Caring for the Chronically Ill

Change is coming in treatment and payment methods

JHC-May16-CVRThere are no easy answers to how providers should best care for the many Americans with chronic – and sometimes multiple chronic – diseases. Nor are there easy answers to how physicians and other caregivers, such as hospice or home care staff, should be compensated for these complex cases.

Even so, JHC readers should rest assured that change is coming on both counts.

In May 2015, U.S. Senate Committee Finance Chairman Orrin Hatch and Ranking Member Ron Wyden announced the formation of a bipartisan chronic care working group. Its mission was – and remains – to draw up policies for caring for the chronically ill that meet three goals:

  • Increase care coordination among individual providers across care settings.
  • Streamline Medicare’s current payment systems to incentivize the appropriate level of care for beneficiaries living with chronic diseases.
  • Facilitate the delivery of high-quality care, improve care transitions, produce stronger patient outcomes, increase program efficiency, and reduce growth in Medicare spending.

From August through October 2015, the working group collected 530 comments from stakeholders, and held 80 stakeholder meetings. Then, in December, it issued proposed six recommendations in a 30-page document, for which the group is now accepting public comments.

  1. Receiving high-quality care at home. Home-based primary care teams allow providers to spend more time with their patients to better coordinate healthcare services, perform medical and functional assessments in a familiar and safe environment, and accept increased accountability for all aspects of the patient’s care plan, said the working group. This approach seeks to improve patient outcomes while reducing healthcare costs – often accomplished by preventing the need for more expensive care in institutional settings.
  1. Advancing team-based care. Today many chronically ill beneficiaries, particularly those enrolled in traditional Medicare, lack access to a proven, team-based care structure, said the working group. Providing such people with an interdisciplinary healthcare team is a model that, in certain settings and under specialized arrangements, can lead to stronger patient outcomes and reduced overall expenditures.
  1. Expanding innovation and technology. Innovation in benefit design and technology, such as telemedicine, can increase beneficiary access to services that are critical to improve chronic disease management.
  1. Identifying the chronically ill population and ways to improve quality. Plans and providers that participate in the Medicare program should be appropriately paid for and evaluated on the care that they provide to chronically ill Medicare beneficiaries, wrote the working group.
  1. Empowering individuals and caregivers in care delivery. Providing timely, accurate tools and information can empower Medicare beneficiaries to better manage their chronic diseases, concluded the group. These strategies can improve healthcare quality and outcomes, and reduce costs to both beneficiaries and the Medicare program.
  1. Other policies to improve care for the chronically ill. Certain gaps in knowledge should be due to their potential high impact on chronic disease management, the group recommended. Examples include studies of obesity drugs and medication synchronization.

Physicians respond
Among those responding to the working group’s recommendations was the American College of Physicians, which represents 143,000 internal medicine physicians, subspecialists and students.
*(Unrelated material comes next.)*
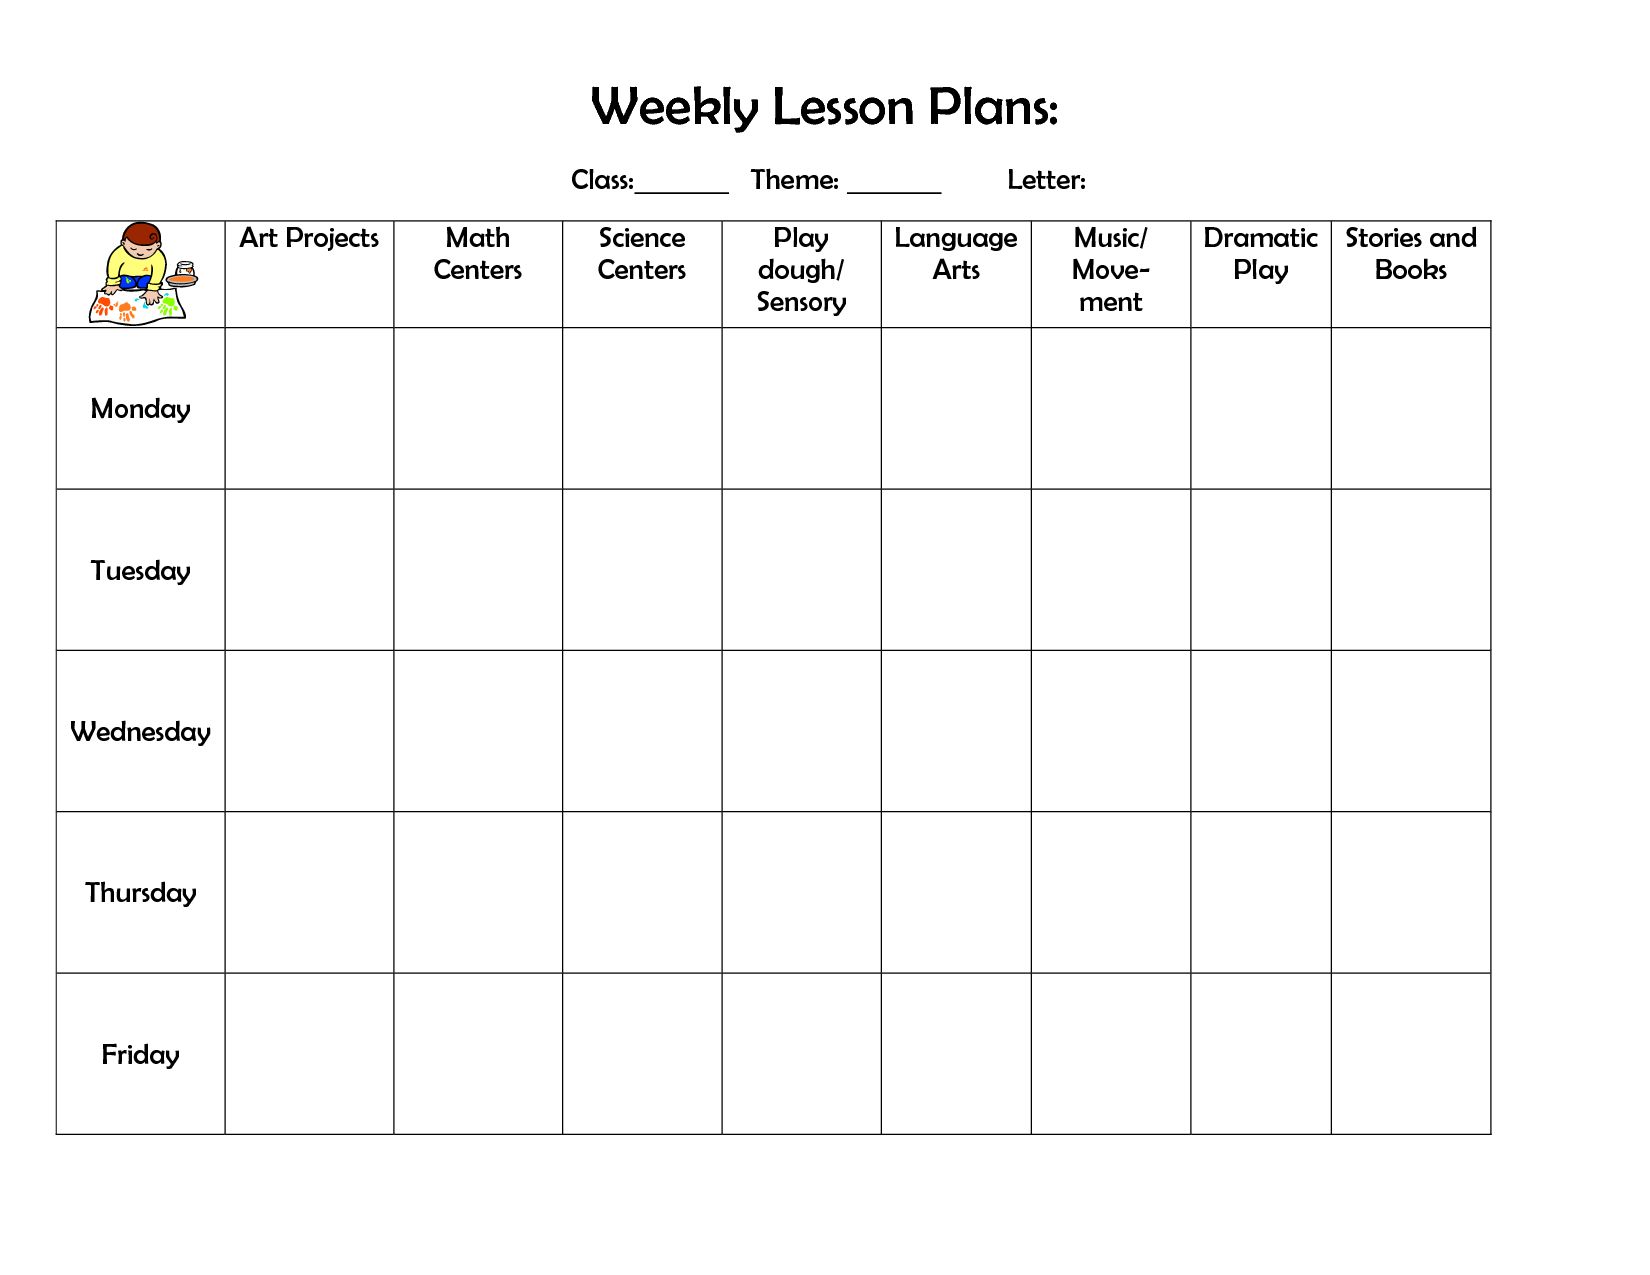 Free Lesson Plan Templates- Word, Pdf Format Download? (With

The College supported many of the working group’s recommendations, including:

  • Improving access to chronic care and ensuring appropriate reimbursement for complex chronic care management.
  • Eliminating beneficiary cost-sharing for chronic care management services.
  • Integrating care for behavioral health conditions in a primary care setting.
  • Improving the process for development of quality measures for chronic conditions, including filling critical measure gaps.
  • Allowing increased flexibility for accountable care organizations (ACOs) to better design packages of services for patients with chronic conditions, support patient engagement, choose the best approach for patient attribution to meet their needs, and expand the use of telehealth to treat their patients with chronic conditions

The College also recommended that the Finance Committee consider:

  • Creating a new code bundle for diabetic care management.
  • Providing reimbursement for e-consultations between hospitalists and primary care physicians, and specialists and primary care physicians.
  • Expanding the implementation of the patient-centered medical home as a means of improving care for patients with chronic illness.
  • Delaying expansion of “Meaningful Use” to include activities involved in the coordination of the care of patients with chronic conditions until there is better evidence about the best ways to use health information technology to perform that coordination.